TASK ITEM
Please output only the lines that run from the line containing "Servopluvio is an" through the end of the material below, exactly.

..........

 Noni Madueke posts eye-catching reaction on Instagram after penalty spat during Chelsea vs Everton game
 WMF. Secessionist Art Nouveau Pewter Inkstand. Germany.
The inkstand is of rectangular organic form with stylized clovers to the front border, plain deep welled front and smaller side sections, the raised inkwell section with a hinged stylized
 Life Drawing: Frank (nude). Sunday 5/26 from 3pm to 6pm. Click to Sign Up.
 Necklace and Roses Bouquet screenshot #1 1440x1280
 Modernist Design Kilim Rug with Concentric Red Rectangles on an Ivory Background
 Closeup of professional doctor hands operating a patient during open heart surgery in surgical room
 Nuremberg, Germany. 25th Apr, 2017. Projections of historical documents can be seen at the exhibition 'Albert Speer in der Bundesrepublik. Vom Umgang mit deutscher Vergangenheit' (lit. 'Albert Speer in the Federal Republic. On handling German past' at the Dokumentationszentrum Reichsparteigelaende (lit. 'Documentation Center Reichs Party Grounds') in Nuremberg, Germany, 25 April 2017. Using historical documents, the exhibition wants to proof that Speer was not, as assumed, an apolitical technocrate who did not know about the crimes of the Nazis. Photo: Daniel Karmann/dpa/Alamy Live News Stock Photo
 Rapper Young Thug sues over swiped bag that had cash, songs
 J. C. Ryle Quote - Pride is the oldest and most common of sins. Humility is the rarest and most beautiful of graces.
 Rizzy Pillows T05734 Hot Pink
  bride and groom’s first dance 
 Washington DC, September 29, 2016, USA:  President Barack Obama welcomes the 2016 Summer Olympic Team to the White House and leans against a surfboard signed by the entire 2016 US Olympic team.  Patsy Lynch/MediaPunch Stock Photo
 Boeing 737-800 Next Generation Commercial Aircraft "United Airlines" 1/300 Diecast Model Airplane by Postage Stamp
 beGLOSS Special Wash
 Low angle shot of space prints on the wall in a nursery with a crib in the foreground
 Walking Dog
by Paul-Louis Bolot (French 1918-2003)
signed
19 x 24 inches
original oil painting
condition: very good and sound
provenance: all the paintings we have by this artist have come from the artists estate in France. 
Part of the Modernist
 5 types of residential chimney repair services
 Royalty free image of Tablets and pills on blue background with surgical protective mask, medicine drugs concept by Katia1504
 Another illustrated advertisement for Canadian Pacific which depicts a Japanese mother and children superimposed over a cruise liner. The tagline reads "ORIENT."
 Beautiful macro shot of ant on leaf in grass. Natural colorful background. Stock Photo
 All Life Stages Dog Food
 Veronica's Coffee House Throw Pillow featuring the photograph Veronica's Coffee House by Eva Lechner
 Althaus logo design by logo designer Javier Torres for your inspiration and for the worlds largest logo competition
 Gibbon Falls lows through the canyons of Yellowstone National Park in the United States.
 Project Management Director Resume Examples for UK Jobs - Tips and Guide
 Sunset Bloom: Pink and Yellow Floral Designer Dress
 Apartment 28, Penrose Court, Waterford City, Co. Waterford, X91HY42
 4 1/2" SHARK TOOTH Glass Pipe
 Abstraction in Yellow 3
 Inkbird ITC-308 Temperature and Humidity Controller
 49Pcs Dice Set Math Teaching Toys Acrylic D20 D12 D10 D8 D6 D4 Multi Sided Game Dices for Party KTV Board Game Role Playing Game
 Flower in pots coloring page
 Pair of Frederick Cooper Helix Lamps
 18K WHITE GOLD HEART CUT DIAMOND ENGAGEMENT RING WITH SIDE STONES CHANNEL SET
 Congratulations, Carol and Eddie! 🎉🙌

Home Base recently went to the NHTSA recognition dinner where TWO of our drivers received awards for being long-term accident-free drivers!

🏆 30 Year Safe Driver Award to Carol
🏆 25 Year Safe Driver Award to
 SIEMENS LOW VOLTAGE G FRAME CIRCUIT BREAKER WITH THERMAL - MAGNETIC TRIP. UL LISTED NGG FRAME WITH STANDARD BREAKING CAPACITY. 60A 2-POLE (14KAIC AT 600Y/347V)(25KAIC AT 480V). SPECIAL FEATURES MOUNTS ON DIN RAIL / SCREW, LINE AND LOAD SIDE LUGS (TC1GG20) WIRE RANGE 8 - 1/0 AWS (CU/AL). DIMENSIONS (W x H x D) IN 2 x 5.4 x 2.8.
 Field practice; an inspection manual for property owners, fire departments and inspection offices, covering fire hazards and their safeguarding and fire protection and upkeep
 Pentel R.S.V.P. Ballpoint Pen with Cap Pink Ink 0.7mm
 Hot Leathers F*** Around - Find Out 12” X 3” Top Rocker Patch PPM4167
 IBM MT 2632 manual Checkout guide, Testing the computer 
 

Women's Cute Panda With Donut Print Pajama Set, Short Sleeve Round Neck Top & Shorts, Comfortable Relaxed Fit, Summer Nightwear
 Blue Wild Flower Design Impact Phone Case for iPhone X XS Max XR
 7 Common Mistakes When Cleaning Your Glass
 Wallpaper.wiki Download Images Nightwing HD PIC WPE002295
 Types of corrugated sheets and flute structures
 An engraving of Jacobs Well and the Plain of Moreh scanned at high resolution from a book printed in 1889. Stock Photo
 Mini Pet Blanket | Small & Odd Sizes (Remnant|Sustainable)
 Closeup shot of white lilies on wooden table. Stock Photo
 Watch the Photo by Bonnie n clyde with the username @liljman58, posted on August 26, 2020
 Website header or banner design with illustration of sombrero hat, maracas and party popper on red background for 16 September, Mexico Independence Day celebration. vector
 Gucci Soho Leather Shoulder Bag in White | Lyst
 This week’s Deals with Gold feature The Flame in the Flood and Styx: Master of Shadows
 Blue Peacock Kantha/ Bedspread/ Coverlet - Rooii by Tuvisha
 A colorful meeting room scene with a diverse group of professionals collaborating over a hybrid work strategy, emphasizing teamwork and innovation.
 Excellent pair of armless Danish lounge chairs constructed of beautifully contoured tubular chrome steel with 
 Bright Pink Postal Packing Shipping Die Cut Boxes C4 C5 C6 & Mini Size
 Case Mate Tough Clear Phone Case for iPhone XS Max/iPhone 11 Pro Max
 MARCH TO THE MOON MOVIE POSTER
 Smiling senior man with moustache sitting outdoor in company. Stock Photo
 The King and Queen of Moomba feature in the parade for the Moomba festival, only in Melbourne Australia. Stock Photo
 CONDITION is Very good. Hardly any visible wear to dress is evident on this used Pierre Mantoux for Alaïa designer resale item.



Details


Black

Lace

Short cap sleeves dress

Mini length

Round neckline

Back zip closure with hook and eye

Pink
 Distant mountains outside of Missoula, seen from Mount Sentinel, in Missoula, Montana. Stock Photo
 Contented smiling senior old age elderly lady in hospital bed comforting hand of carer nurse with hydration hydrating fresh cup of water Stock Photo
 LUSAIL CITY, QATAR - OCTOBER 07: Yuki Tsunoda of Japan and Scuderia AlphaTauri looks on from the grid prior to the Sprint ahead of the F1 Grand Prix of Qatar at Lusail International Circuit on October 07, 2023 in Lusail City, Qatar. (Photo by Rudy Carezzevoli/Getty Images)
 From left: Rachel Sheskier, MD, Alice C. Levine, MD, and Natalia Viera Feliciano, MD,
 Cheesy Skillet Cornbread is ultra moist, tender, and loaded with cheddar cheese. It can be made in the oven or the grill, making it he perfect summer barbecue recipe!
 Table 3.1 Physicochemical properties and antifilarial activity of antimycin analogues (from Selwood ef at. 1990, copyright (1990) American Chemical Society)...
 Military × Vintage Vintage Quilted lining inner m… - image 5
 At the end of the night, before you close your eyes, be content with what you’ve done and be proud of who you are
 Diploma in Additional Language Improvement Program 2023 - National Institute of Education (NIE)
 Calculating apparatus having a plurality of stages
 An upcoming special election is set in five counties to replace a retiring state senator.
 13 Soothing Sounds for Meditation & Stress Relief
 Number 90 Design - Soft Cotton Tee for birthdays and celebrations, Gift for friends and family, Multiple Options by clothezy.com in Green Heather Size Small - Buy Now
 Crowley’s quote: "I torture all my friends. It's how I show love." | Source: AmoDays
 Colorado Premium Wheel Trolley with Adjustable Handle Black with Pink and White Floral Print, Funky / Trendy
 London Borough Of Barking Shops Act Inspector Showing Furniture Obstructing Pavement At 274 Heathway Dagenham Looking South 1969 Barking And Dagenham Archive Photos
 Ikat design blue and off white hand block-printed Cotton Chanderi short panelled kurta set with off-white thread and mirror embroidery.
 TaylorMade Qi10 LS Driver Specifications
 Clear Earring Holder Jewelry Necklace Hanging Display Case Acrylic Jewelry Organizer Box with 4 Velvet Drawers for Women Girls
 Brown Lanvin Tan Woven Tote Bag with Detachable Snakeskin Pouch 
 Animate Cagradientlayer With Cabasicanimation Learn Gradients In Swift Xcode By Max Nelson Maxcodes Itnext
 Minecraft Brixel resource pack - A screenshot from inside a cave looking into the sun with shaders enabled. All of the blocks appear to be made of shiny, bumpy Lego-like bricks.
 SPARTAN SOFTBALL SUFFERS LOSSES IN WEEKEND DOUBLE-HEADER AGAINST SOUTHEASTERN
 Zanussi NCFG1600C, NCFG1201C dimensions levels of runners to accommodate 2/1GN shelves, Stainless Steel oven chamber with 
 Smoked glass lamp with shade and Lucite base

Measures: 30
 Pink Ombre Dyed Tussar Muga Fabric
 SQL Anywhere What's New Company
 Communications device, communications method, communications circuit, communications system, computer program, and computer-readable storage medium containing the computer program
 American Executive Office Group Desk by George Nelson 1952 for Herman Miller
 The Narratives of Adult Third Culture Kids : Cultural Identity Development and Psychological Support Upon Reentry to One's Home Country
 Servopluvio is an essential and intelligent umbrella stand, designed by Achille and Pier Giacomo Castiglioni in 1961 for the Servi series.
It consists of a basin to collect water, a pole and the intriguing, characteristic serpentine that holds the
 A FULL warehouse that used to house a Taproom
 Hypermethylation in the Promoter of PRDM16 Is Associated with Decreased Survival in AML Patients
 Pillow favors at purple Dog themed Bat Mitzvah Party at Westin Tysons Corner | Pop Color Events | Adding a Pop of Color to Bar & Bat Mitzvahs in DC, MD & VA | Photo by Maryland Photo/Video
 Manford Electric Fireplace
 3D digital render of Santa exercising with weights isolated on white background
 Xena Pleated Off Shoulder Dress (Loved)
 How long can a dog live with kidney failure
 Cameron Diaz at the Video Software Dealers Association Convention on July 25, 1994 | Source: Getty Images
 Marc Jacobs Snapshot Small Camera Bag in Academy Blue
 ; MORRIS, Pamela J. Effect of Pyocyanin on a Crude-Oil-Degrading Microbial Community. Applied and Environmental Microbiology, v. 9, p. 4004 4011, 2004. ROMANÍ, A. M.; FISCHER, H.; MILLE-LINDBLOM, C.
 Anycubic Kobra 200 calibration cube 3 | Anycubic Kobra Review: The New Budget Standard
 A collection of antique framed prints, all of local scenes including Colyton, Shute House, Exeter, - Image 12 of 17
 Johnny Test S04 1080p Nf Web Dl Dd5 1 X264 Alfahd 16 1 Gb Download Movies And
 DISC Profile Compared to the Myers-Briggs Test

..........

COMPLETED TASK
 Servopluvio is an essential and intelligent umbrella stand, designed by Achille and Pier Giacomo Castiglioni in 1961 for the Servi series.
It consists of a basin to collect water, a pole and the intriguing, characteristic serpentine that holds the
 A FULL warehouse that used to house a Taproom
 Hypermethylation in the Promoter of PRDM16 Is Associated with Decreased Survival in AML Patients
 Pillow favors at purple Dog themed Bat Mitzvah Party at Westin Tysons Corner | Pop Color Events | Adding a Pop of Color to Bar & Bat Mitzvahs in DC, MD & VA | Photo by Maryland Photo/Video
 Manford Electric Fireplace
 3D digital render of Santa exercising with weights isolated on white background
 Xena Pleated Off Shoulder Dress (Loved)
 How long can a dog live with kidney failure
 Cameron Diaz at the Video Software Dealers Association Convention on July 25, 1994 | Source: Getty Images
 Marc Jacobs Snapshot Small Camera Bag in Academy Blue
 ; MORRIS, Pamela J. Effect of Pyocyanin on a Crude-Oil-Degrading Microbial Community. Applied and Environmental Microbiology, v. 9, p. 4004 4011, 2004. ROMANÍ, A. M.; FISCHER, H.; MILLE-LINDBLOM, C.
 Anycubic Kobra 200 calibration cube 3 | Anycubic Kobra Review: The New Budget Standard
 A collection of antique framed prints, all of local scenes including Colyton, Shute House, Exeter, - Image 12 of 17
 Johnny Test S04 1080p Nf Web Dl Dd5 1 X264 Alfahd 16 1 Gb Download Movies And
 DISC Profile Compared to the Myers-Briggs Test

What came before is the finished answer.